# Can you help me out?



## daveyvisser (Mar 3, 2011)

Hi,

I’m studying Sport Marketing & Management in the Netherlands in Rotterdam and I am busy with my research so I can graduate in June. 

I’m doing research for the golf market especially golf balls and I’m searching for some answers to the following questions. Can you please answer them for me?

Do you always play with a certain brand?

-	Yes 
-	No

Where do you buy your golf balls?

-	Online
-	Offline

How often do you buy golf balls?

-	Once a week
-	Every two weeks
-	Every month
-	Every one to three months
-	Every three to six months
-	Every six to nine months
-	Every nine to twelve months

I hope to see a lot of results, thanks in advance!

Kind regards


----------



## Fourputt (Nov 18, 2006)

daveyvisser said:


> Hi,
> 
> I’m studying Sport Marketing & Management in the Netherlands in Rotterdam and I am busy with my research so I can graduate in June.
> 
> ...


1) No

2) Offline

3) One to three months


----------



## Big Hobbit (Nov 2, 2010)

yes
offline
6-9mths


----------



## FrogsHair (Mar 4, 2010)

No, any brand will suffice, but I do have a favorite. WalMart (offline) is easier on the pocket book. probably every 6-9 months.

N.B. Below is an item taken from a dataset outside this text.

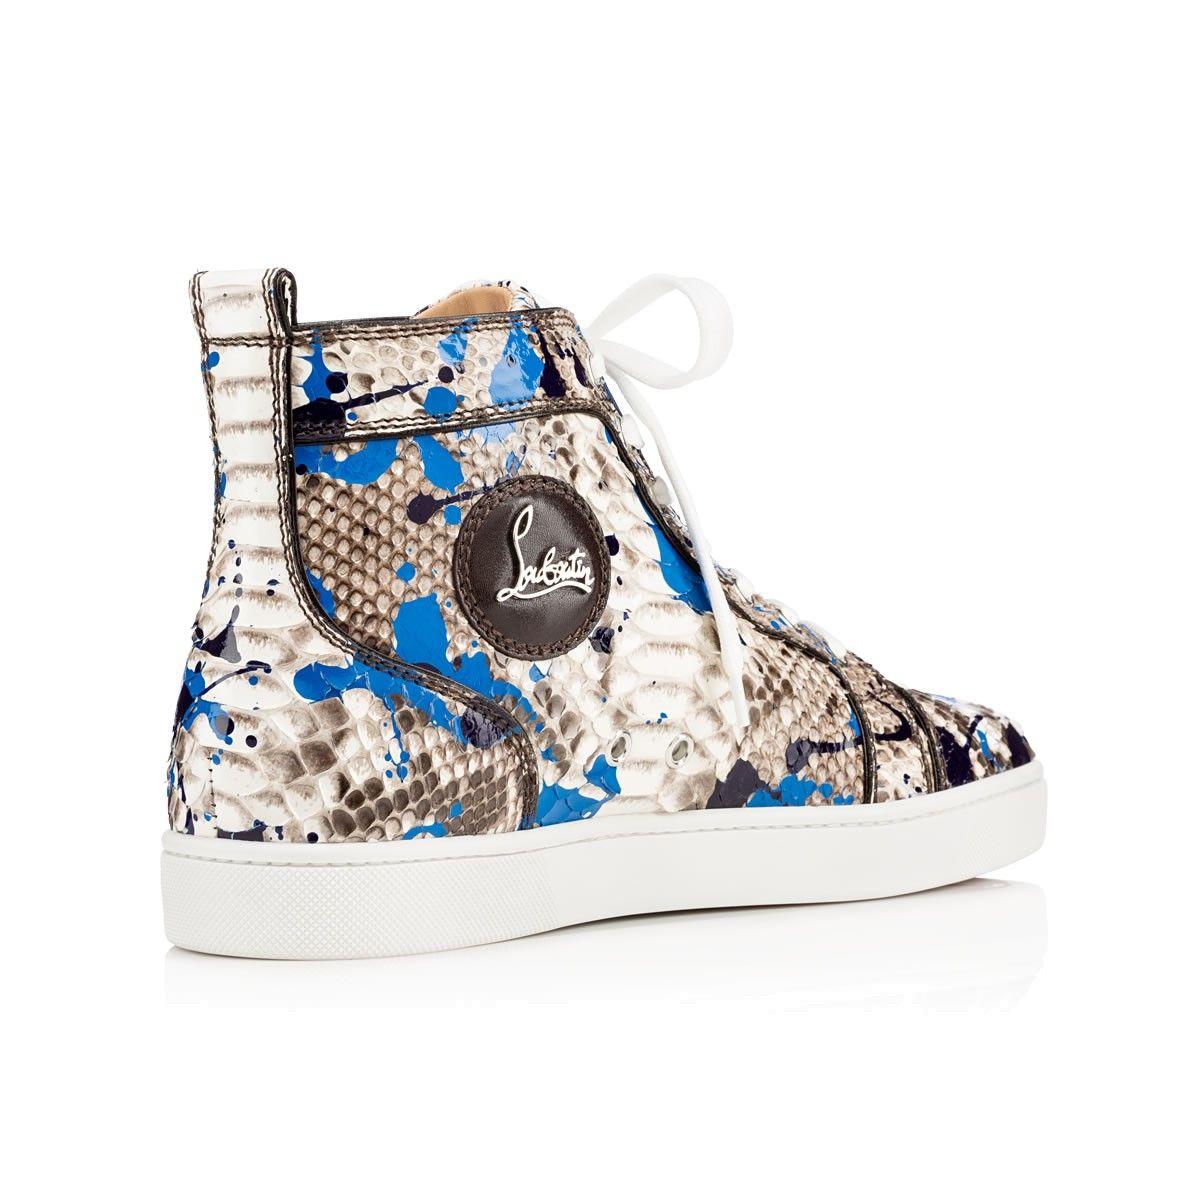 christian louboutin blue python sneakers

When I do buy, I usually purchase 3 or 4 dozen at a time. 

I am surprised as part of your "marketing" research, that you do not ask how much a golfer spends on golf balls. :dunno:


----------



## Surtees (Sep 11, 2007)

no I have favs but they are different brands
offline i have brought online before to but mostly off.
6-9 months


----------